The company divested its Gulf of Mexico properties in 2008, and accelerated its activity in the Haynesville and Eagle Ford Shales and the Altamont oil play in Utah in 2009.

In keeping with the philosophy of building for future growth, El Paso is concentrating on its most economic and most repeatable plays, according to a December 2009 analyst presentation. To that end, it planned to spend $1.1 billion on exploration and production in 2010. Exploration and production in the United States will use $900 million of that total, and expansion in the Haynesville and Eagle Ford Shales and Altamont oil will use half of the domestic allocation.

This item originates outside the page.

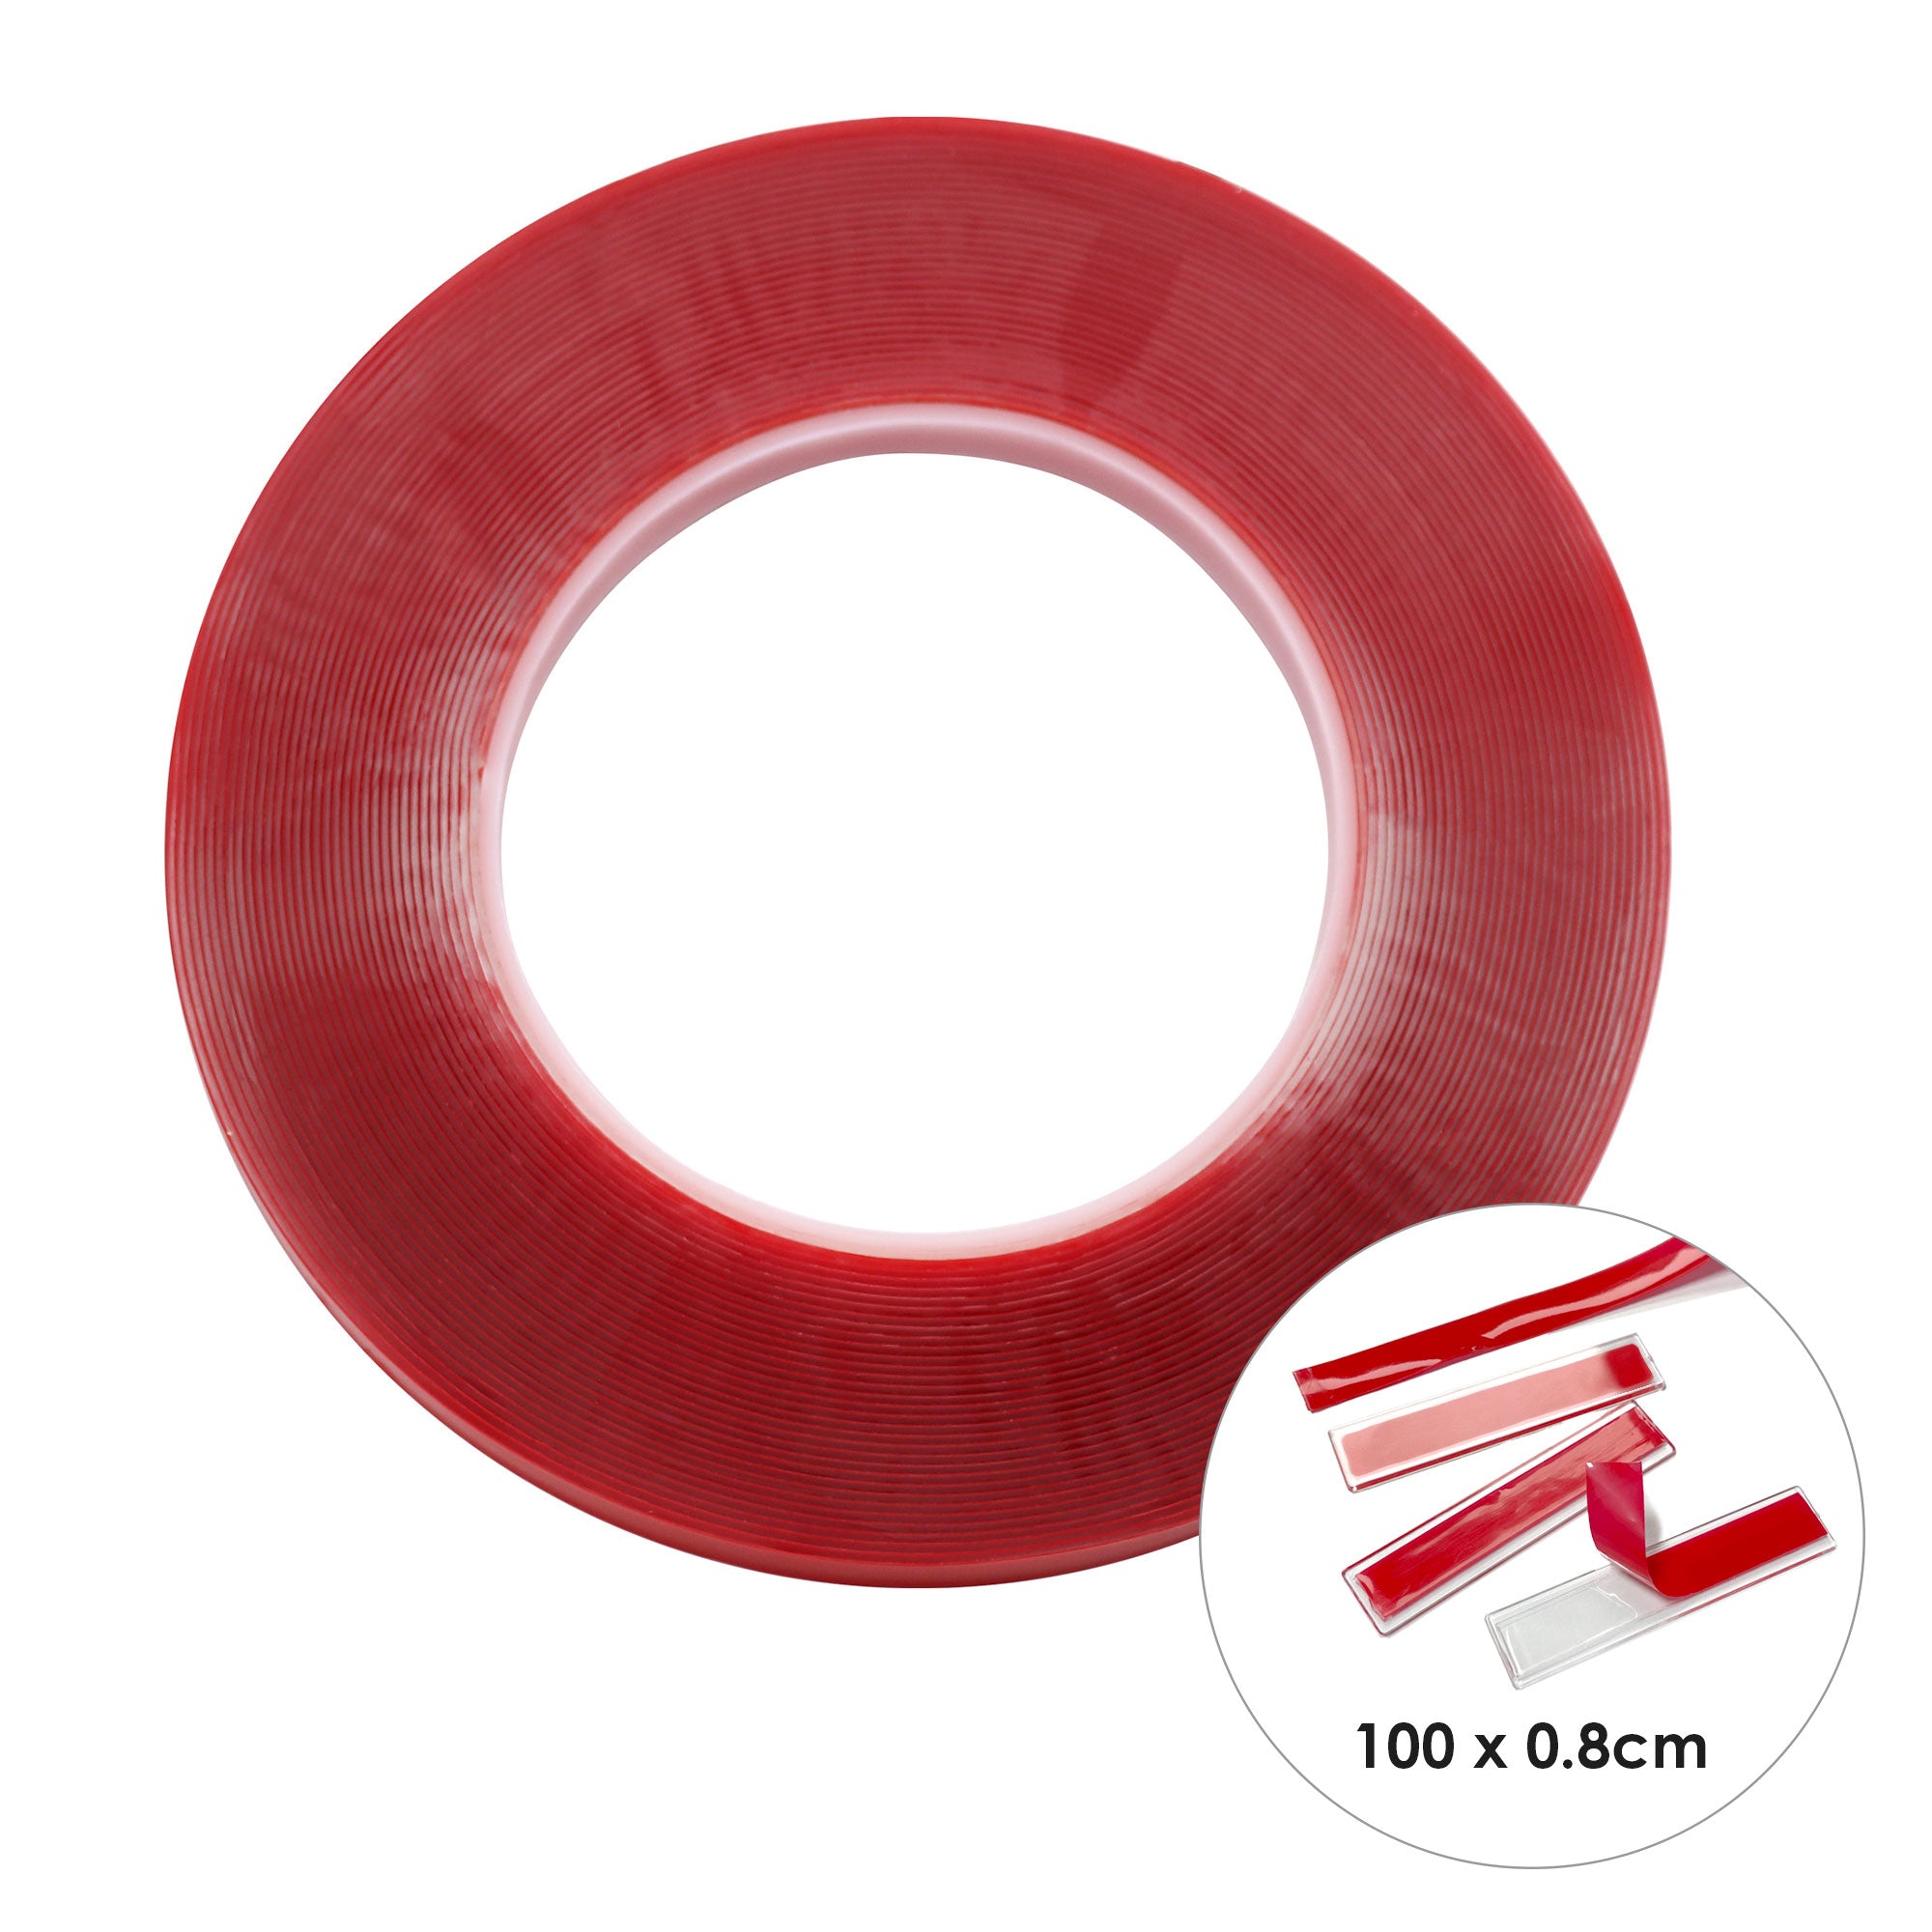 Nail Chip Tip Display Double-Sided Jelly Adhesive Tape / 1 Meter

It entered the Eagle Ford play in 2009, put together 132,000 net acres of leases and planned to maintain a one-rig program during 2010.

Overall, El Paso held an estimated 4.9 Tcfge in risked unproved inventory, and 45% of that inventory lay in the Haynesville and Eagle Ford Shales. To prove up those plays, it planned to invest about $62 million in the Eagle Ford in 2010 and about $240 million in the Haynesville.

The company said it could break even in the two shale plays with a gas price of $3.90/Mcfge.

The company said its first completion in the Eagle Ford — a well with a 4,000-ft lateral and a 16-stage frac job in La Salle County — produced between 7 MMcfge/d and 8 MMcfge/d after cleanup. Its existing properties represented a risked resource potential of 1.1 Tcfge (2.2 Tcfge unrisked), about the same as the company’s potential in the Haynesville. That number assumed half its acreage contributed to the total.

Its property held 700 potential drilling locations, but El Paso planned a 10-well program during 2010. It also planned to continue to acquire land in the plan and further delineate its acreage position. Most of the company’s properties are in the dry gas area of the Eagle Ford play in Webb and La Salle Counties, but it had some leases in the condensate window in La Salle County.

EOG Resources Inc.

EOG Resources Inc. likes plays where it can put its experience and technical talent to work to generate high returns at low costs. Although the Eagle Ford doesn’t rank high on the company’s list of favorite plays, it does hold a place in the corporate portfolio and it fits the company’s preference profile.

Parts of the Eagle Ford generate liquids-rich gas, while other parts are in the oil zone. Both fit the company’s hybrid-play preference for low-permeability reservoirs that require horizontal development for highest returns.

As in straight gas plays, reserves in those wells increase and costs decrease with experience, the company said in a January 2010 presentation.

“Returns across the board are attractive at current oil prices — much better than either deepwater Gulf of Mexico or Canadian oil sands,” the company said about its hybrid plays.

Even during that presentation, however, EOG did not list the Eagle Ford among its important plays. Among gas shales, it listed the Horn River Basin shales of northern British Columbia, and the Barnett, Marcellus, and Haynesville in the United States.

In South Texas, the company’s priority plays were the Frio, Wilcox, and Lobo/Roleta trends as worth mentioning.

Still, the company holds properties in the Eagle Ford, and it is working the play.

The company permitted the 4H Harper Unit on a 640-acre lease as part of Eagleville Field in north-central Karnes County, Texas, about 13 miles northeast of Karnes City, Texas. It proposed a total depth of 12,000 ft in the horizontal well with the horizontal leg reaching to the northwest.

It also permitted the 8H Harper Unit three-quarters of a mile to the west-southwest, also to 12,000 ft. Other horizontal Eagle Ford tests included the 1H, 2H and 3H Harper units, according to IHS Inc.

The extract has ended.